JAKARTA, CerminDemokrasi.com – Kejaksaan Agung (Kejagung) tengah mengusut dugaan korupsi investasi Indonesia Investment Authority (INA) dan Silk Road Fund (SRF) di Kimia Farma. Kepala Pusat Penerangan Hukum (Kapuspenkum) Kejagung, Anang Supriatna mengatakan pengusutan kasus ini masih dalam tahap penyelidikan.

“Itu masih tahap penyelidikan,” ujar Kepala Pusat Penerangan Hukum Kejagung, Anang Supriatna, di kompleks Kejaksaan Agung, Senin (11/8/2025).

Kejagung mengusut dugaan korupsi dalam pemberian dana investasi dari INA senilai Rp 1,86 triliun melalui anak perusahaannya, PT Akar Investasi Indonesia (AII), kepada PT Kimia Farma (Persero) Tbk dan PT Kimia Farma Apotek. Pemberian dana investasi ini terjadi pada 2023.

Dalam prosesnya, Anang mengatakan Kejagung telah memanggil sejumlah pihak untuk dimintai keterangan tentang dugaan korupsi di perusahaan farmasi negara tersebut.

“Beberapa pihak sudah dimintai klarifikasi,” ujarnya.

Lantas, seperti apa duduk perkara kasus dugaan korupsi investasi di Kimia Farma? Simak rangkuman informasinya berikut ini.

Duduk Perkara Korupsi Kimia Farma. Kasus dugaan korupsi di Kimia Farma ini bermula ketika Indonesia Investment Authority (INA) dan Silk Road Fund (SRF) menandatangani Perjanjian Pengambilan dan Pembelian Saham Bersyarat dan dokumen transaksi dalam acara B20 Summit pada November 2022.

Saat itu, PT Kimia Farma Tbk (KAEF) melepas saham PT Kimia Farma Apotek (KFA) dan menerbitkan saham baru KFA. Saham yang dilepaskan itu kemudian diambil oleh INA dan SRF, yang merupakan Sovereign Wealth Fund (SWF) milik Cina.

Rinciannya adalah, Kimia Farma yang berkode saham KAEF itu melepas sebagian saham KFA ke PT Akar Investasi Indonesia (anak usaha INA) dan CIZJ Limited (anak usaha SRF) senilai Rp 460 miliar. Selain itu, KFA juga menerbitkan saham baru senilai Rp 1,4 triliun yang diserap oleh AII dan CIZJ.

Pada 23 Februari 2023, INA dan SRF pun mengumumkan bahwa transaksi investasi mereka ke PT Kimia Farma Tbk dan PT Kimia Farma Apotek telah selesai. Transaksi investasi INA itu sebesar Rp 1,86 triliun yang setara dengan 40 persen saham di PT Kimia Farma Apotek (KFA).
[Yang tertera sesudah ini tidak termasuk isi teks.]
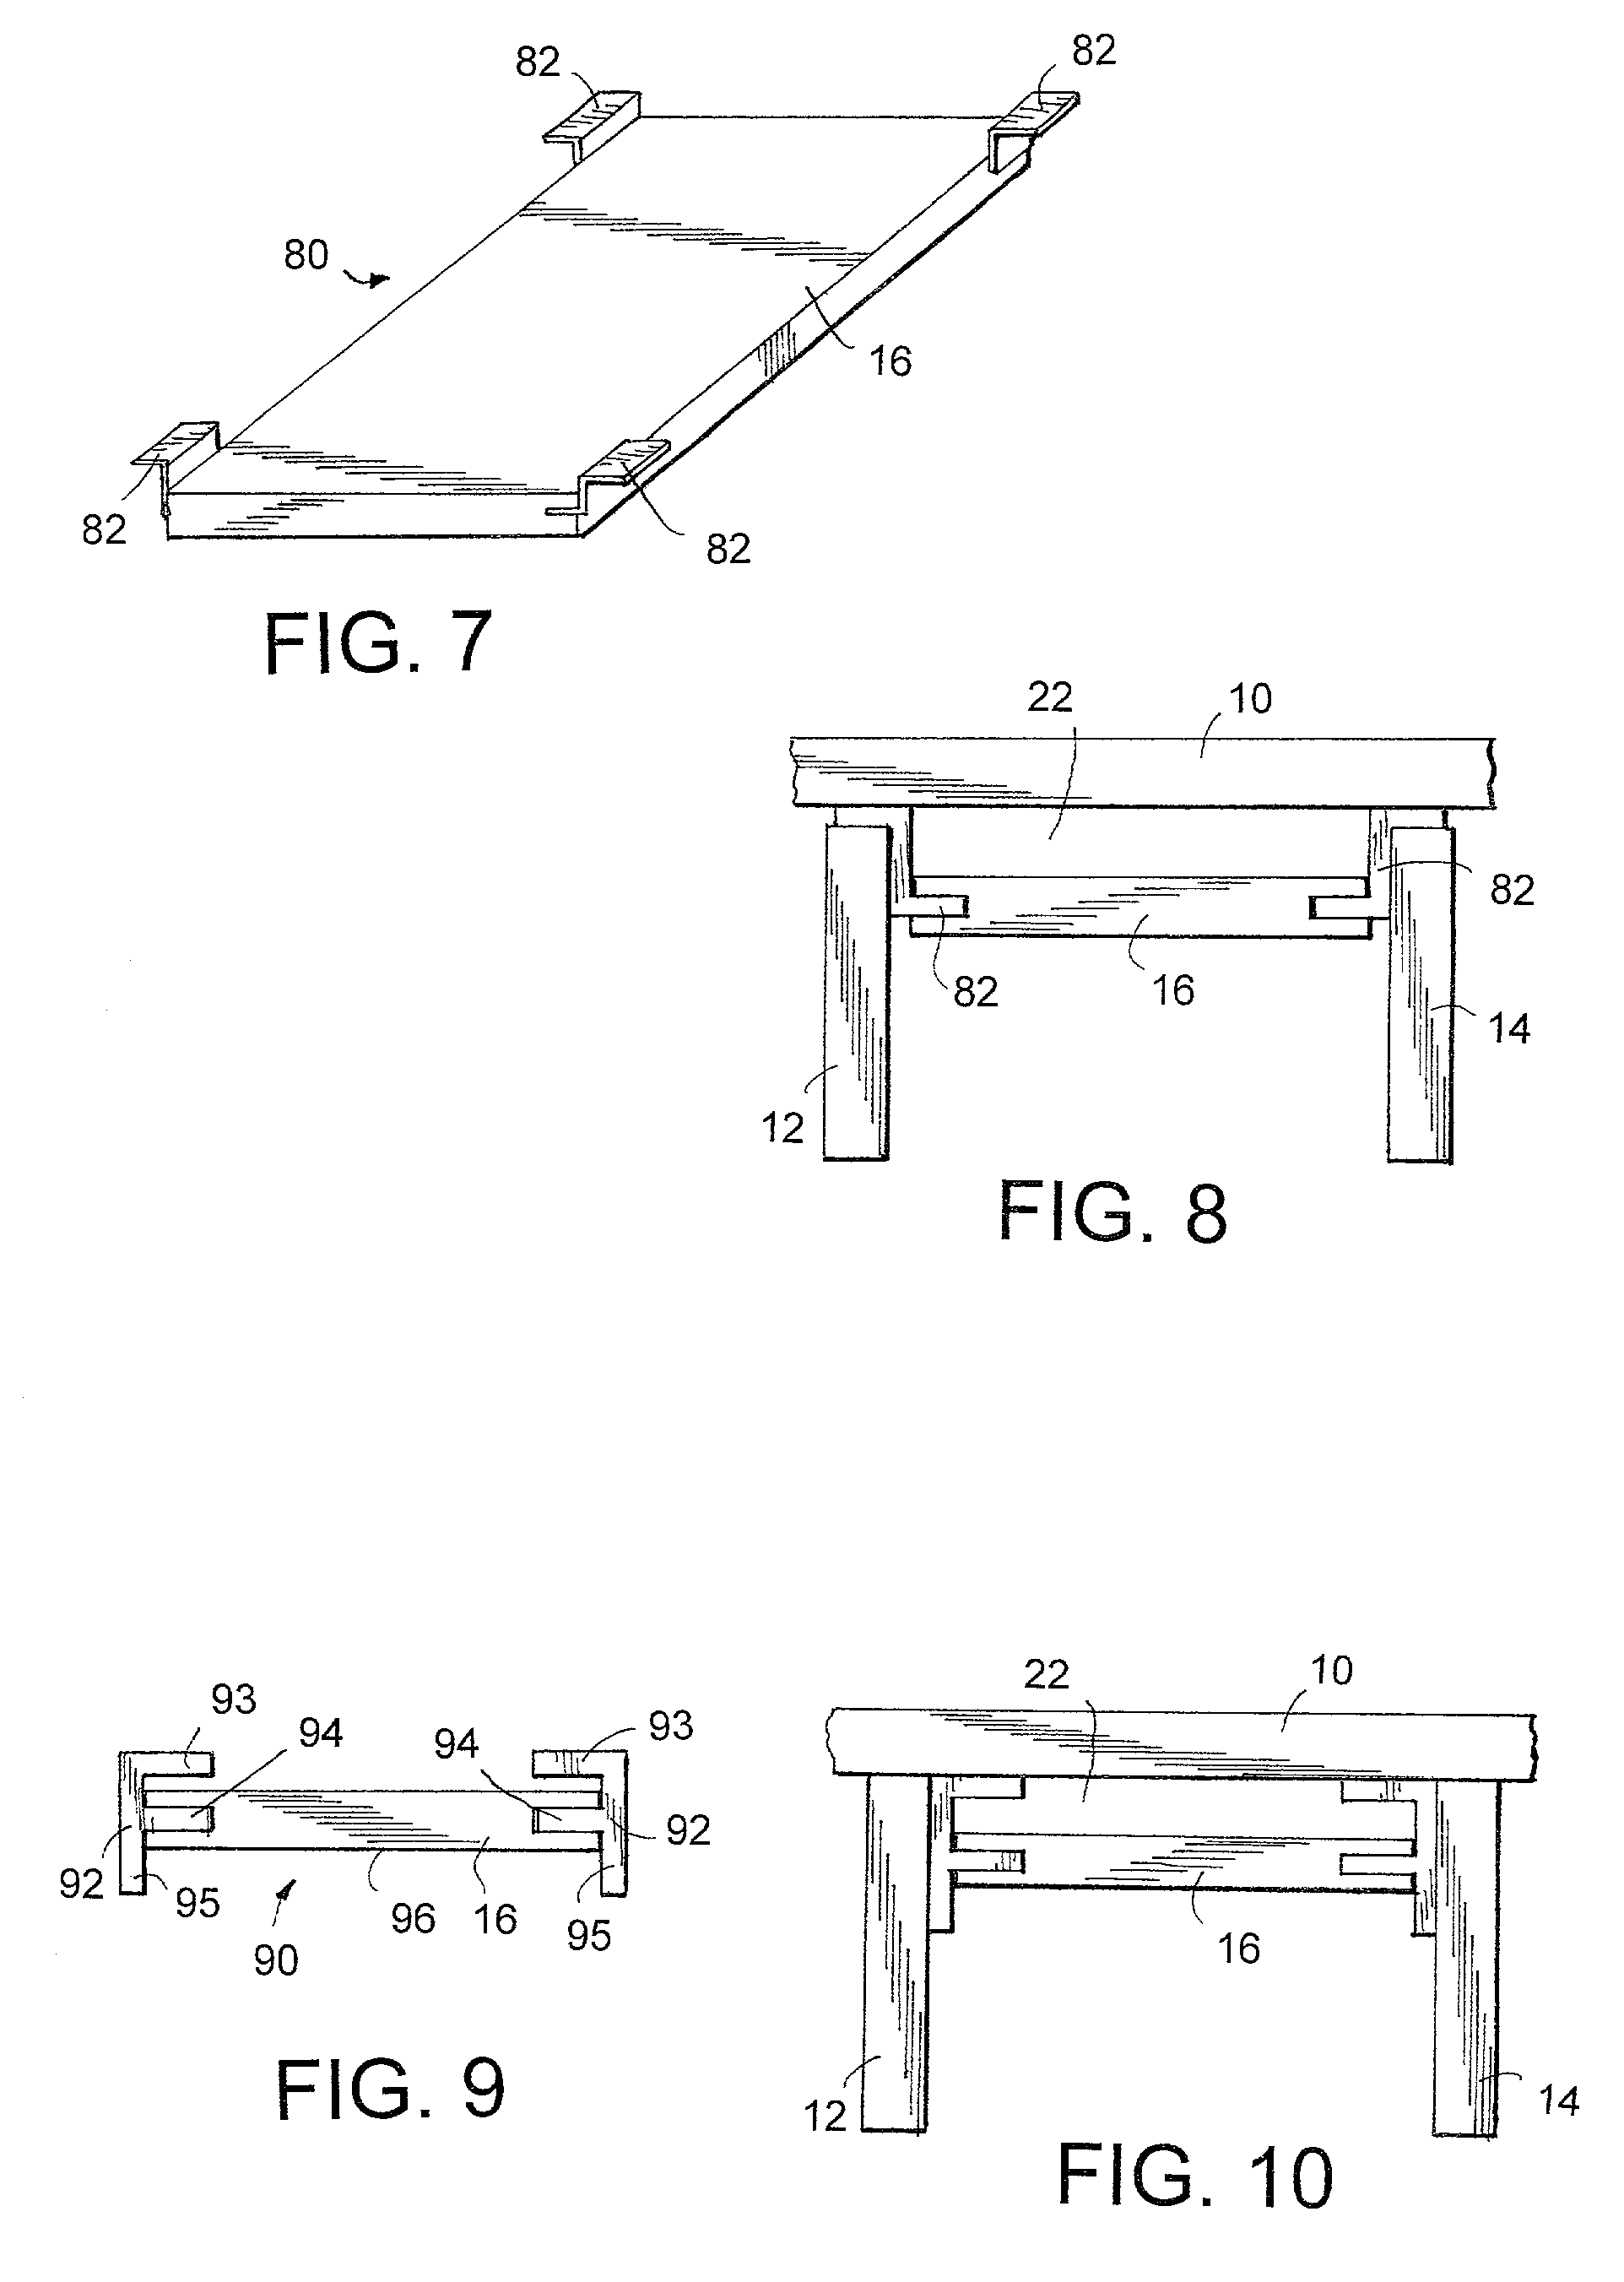 Process and apparatus for insulating building roof

KAEF dalam keterbukaan informasi di Bursa Efek Indonesia, mengatakan usai transaksi ini ada penurunan persentase kepemilikan saham KAEF dalam KFA. Dari semula 99,99 persen menjadi 59,99 persen.

Usai transaksi ini, KAEF berencana mengembangkan segmen ritel farmasi, klinik kesehatan, hingga laboratorium diagnostika melalui KFA. Sasaran proyek ini ke wilayah wisata dan luar Jawa.
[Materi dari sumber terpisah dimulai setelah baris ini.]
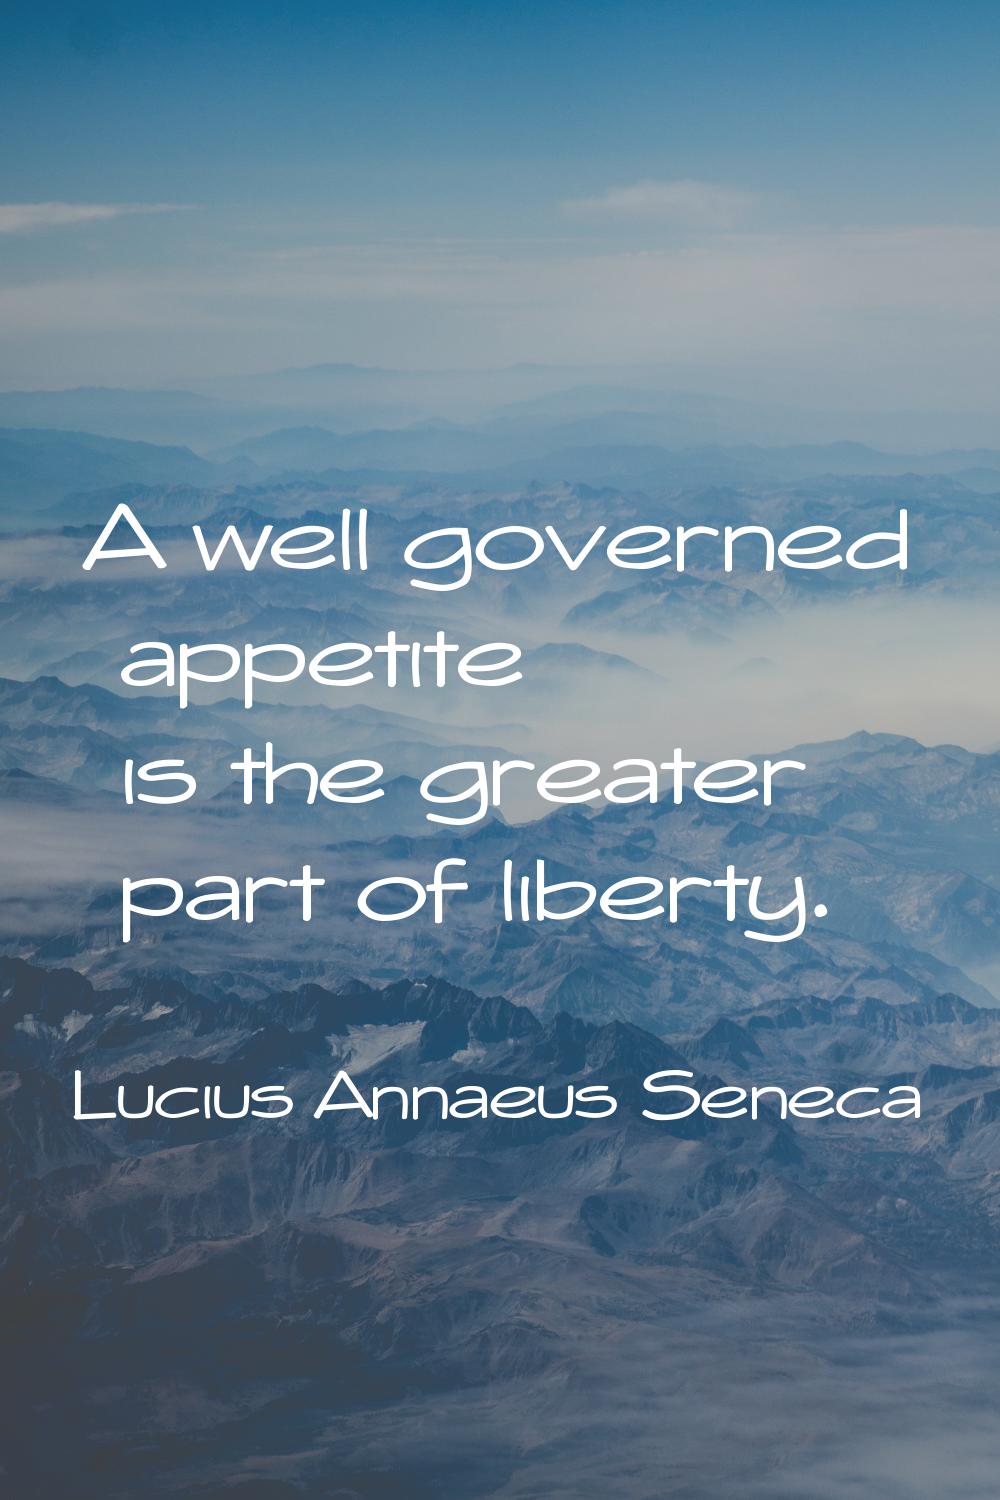 A well governed appetite is the greater part of liberty.

Sebelumnya, Direktur Keuangan dan Manajemen Risiko Kimia Farma, Lina Sari mengungkapkan bahwa BUMN di bidang farmasi itu mengalami kerugian hingga 1,8 triliun sepanjang 2023. Menurutnya, salah satu faktor yang menyebabkan kerugian adalah dugaan adanya penyelewengan data atau rekayasa penggelembungan keuangan di Kimia Farma Apotek.

“Untuk detailnya belum bisa dielaborasi karena masih dalam tahap evaluasi dan audit oleh konsultan independen,” ujar Lina dalam konferensi pers, Selasa malam, 25 Juni 2024, di Gedung ILHI Bio Farma Grup, Cipinang, Jakarta Timur.
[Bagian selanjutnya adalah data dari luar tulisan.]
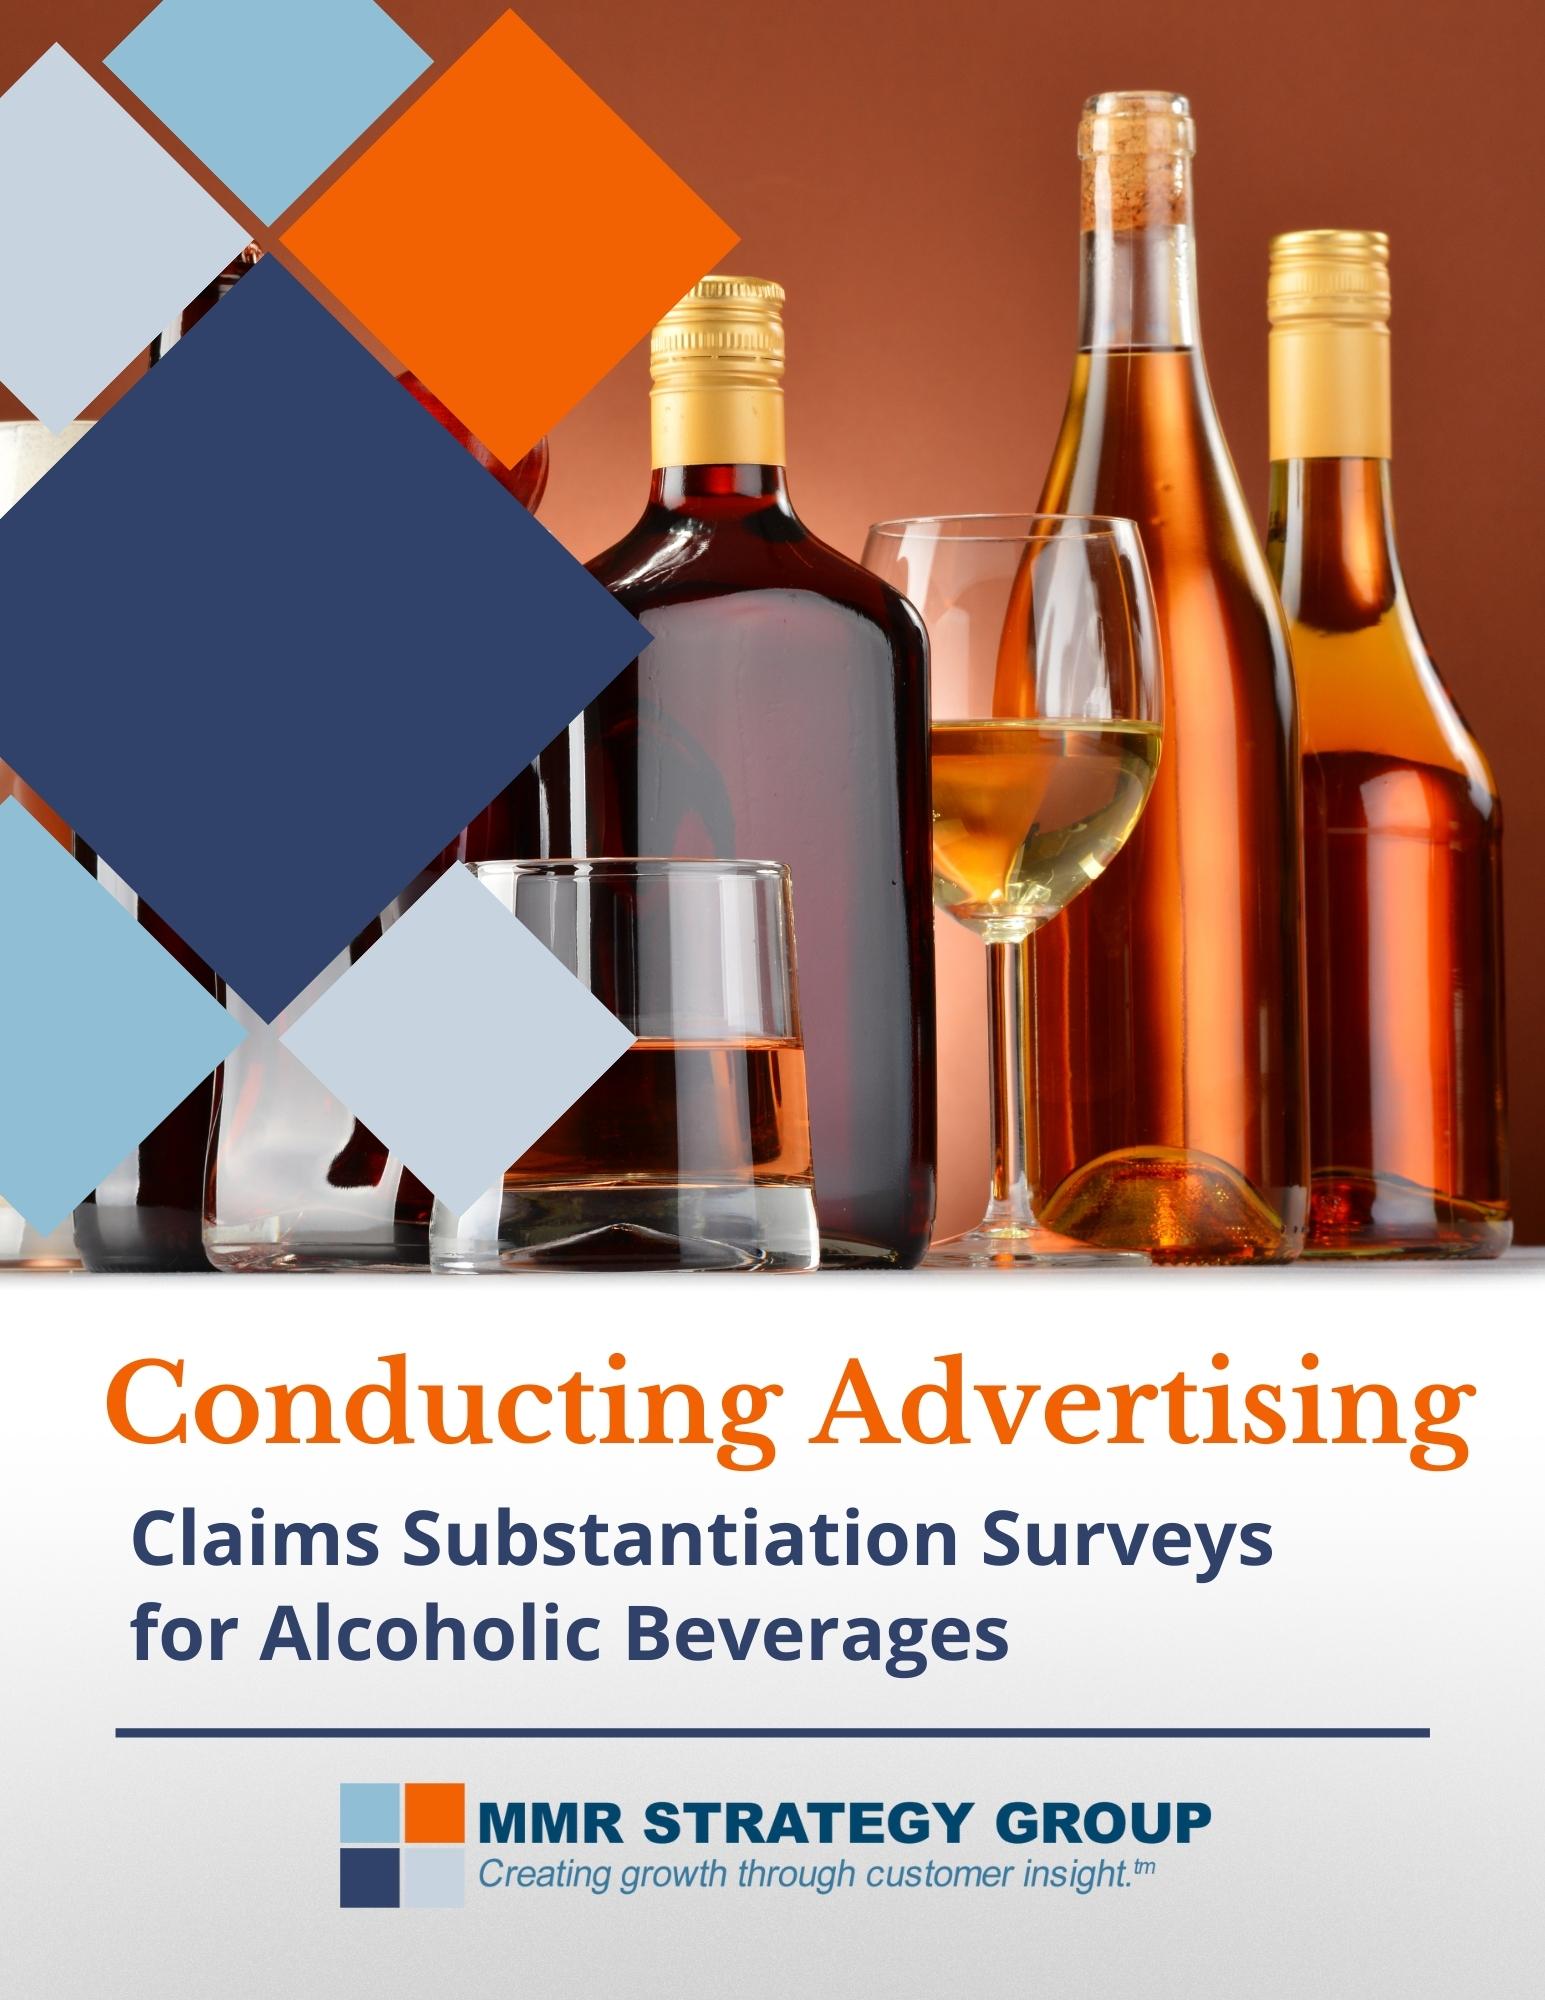 Claims for Alcoholic Beverages from MMR Strategy Group

Dia pun menyebutkan Kimia Farma berkomitmen untuk melakukan transformasi usaha dan melakukan langkah-langkah perbaikan. “Di antaranya berfokus ke produk-produk bermargin tinggi dan melakukan efisiensi usaha,” ucap Lina.

Di 2024, Kimia Farma pun berkomitmen untuk terus melakukan perbaikan operasional, pengendalian biaya, penguatan good corporate governance (GCG), serta mengalokasikan belanja modal yang dominan untuk pengembangan bisnis Kimia Farma Apotek.